Case Report: ACTH- and CRH-secreting pheochromocytoma as a very rare cause of ectopic Cushing syndrome

Ectopic adrenocorticotropic hormone (ACTH) syndrome (EAS) represents a rare clinical entity characterized by severe hypercortisolemia. Pheochromocytoma, a neuroendocrine neoplasm originating from chromaffin cells within the adrenal medulla, is itself an uncommon diagnosis. The phenomenon of ectopic hormone production by pheochromocytomas is exceedingly rare, occurring in less than 1% of cases. In most instances, hypercortisolemia associated with pheochromocytoma is attributed to aberrant ACTH secretion. This report presents an exceptional case of EAS caused by a pheochromocytoma exhibiting co-expression of both ACTH and corticotropin-releasing hormone (CRH).

Introduction

Ectopic adrenocorticotropic hormone (ACTH) syndrome (EAS) is a very rare condition, characterized by symptoms of intense exposure of the body to hypercortisolemia. Cushing syndrome is an uncommon disease with an incidence of approximately 0.7–2.4 cases per million per year. In most Cushing syndrome patients, excessive endogenous cortisol production is ACTH-dependent (80%–85%) (1). Among those, pituitary adenomas are the most prevalent cause of Cushing syndrome, while in approximately 9%–18%, the source of unregulated ACTH secretion is of extra-pituitary origin (2, 3). Neuroendocrine tumors presenting as an EAS can be located in various organs. They differ in histological type and aggressiveness. The localization of the source of ACTH secretion is challenging (4). While clinical presentation is related to tumor characteristics, severe EAS should be treated as an endocrine emergency (5). Because of the rarity of the condition, there are no evidence-based guidelines concerning EAS.

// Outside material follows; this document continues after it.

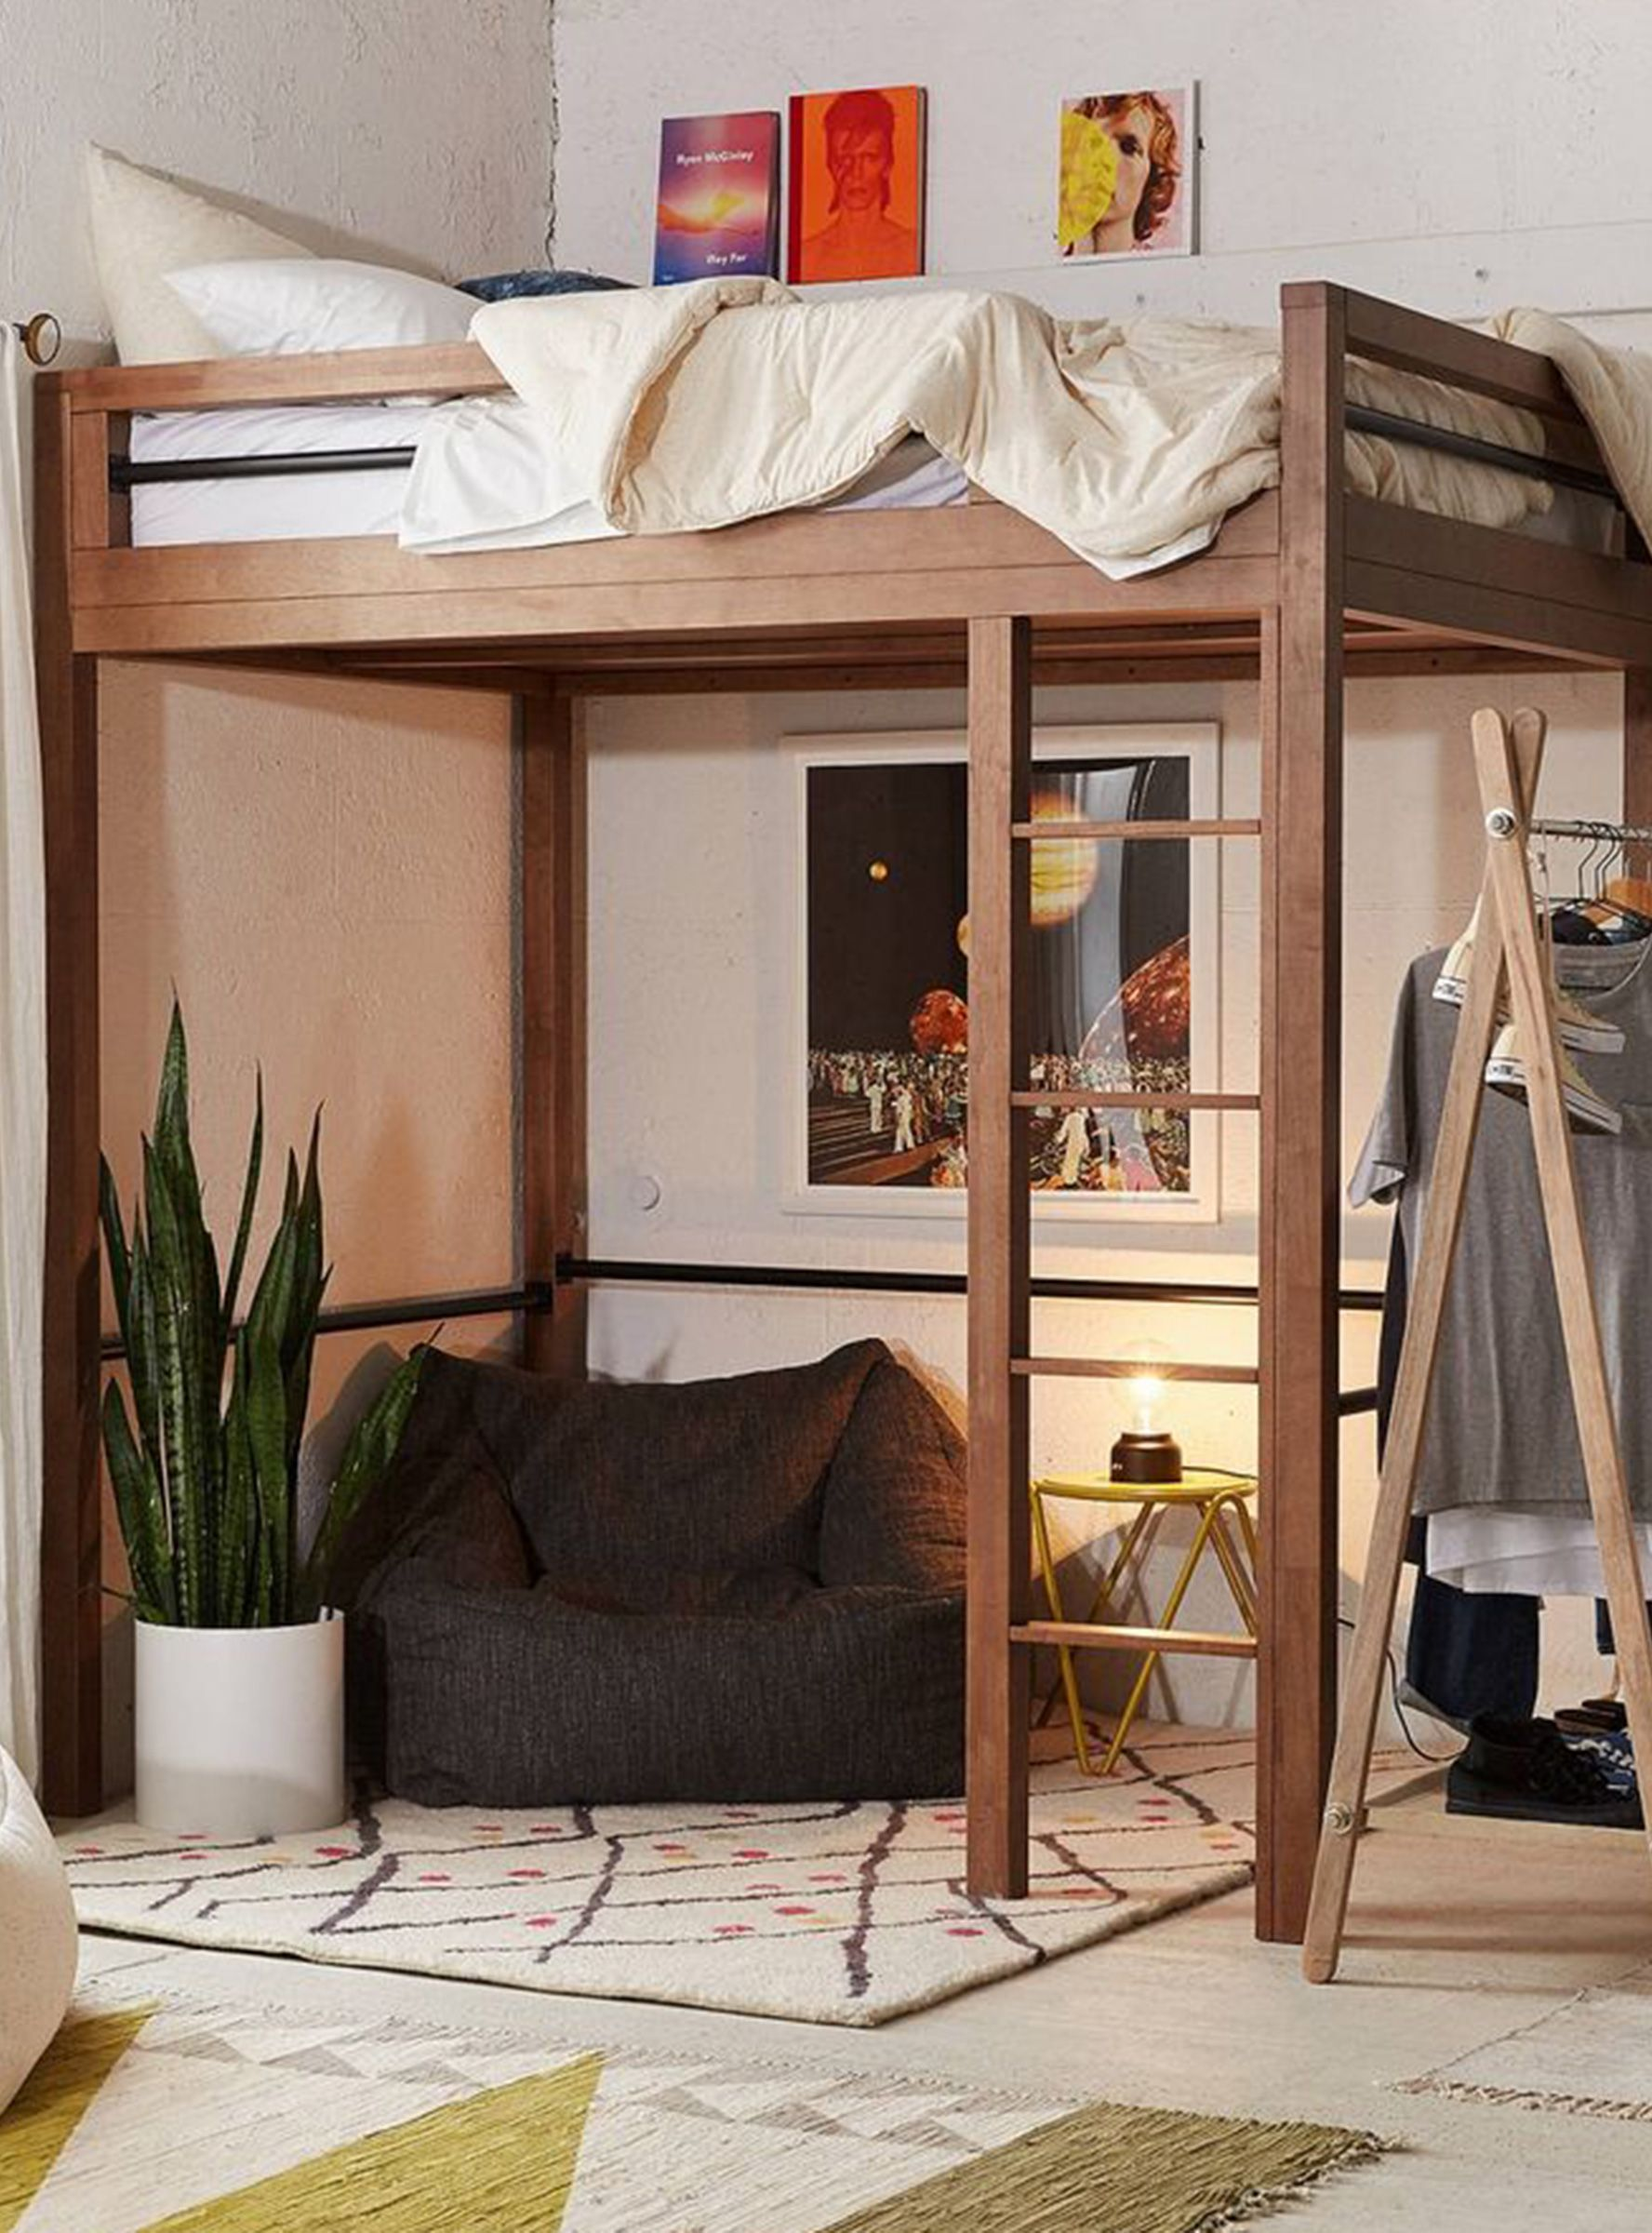 Urban loft bedroom   Decorating Ideas For Your GrownUp Loft Bed  Shelter  Bedrooms

The detailed molecular mechanisms behind EAS is still not completely understood (6). Some EAS-inducing tumors have shown involvement of epigenetic mechanisms, especially the hypomethylation of the proopiomelanocortin (POMC) promoter (7, 8). Additionally, the specific expression of transcription factors that promote ACTH production in these tumors has been proposed (9).

Pheochromocytoma is a rare tumor derived from the chromaffin cells of the adrenal medulla. The annual incidence is six to seven cases per million people per year. In patients with incidentally detected adrenal masses, 0.6% to 4.2% is identified as pheochromocytoma. Such a tumor typically secretes catecholamines. As a result, the most characteristic symptoms include headaches, sweating, hypertension, palpitations, and pallor (10). Pheochromocytoma can also produce other hormones such as interleukins, calcitonin, ACTH, or corticotropin-releasing hormone (CRH). Ectopic hormone production from pheochromocytoma is an extremely rare occurrence, estimated to be found in less than 1% of all cases. Ectopic ACTH or CRH changes the typical presentation of pheochromocytoma. Contrary to pheochromocytomas in general, patients are predominantly women. They exhibit a hypercortisolemic phenotype rather than typical symptoms of pheochromocytoma (11, 12).

Delayed diagnosis of pheochromocytoma may have life-threatening consequences, but the timely recognition of the tumor co-secreting catecholamines and cortisol is crucial.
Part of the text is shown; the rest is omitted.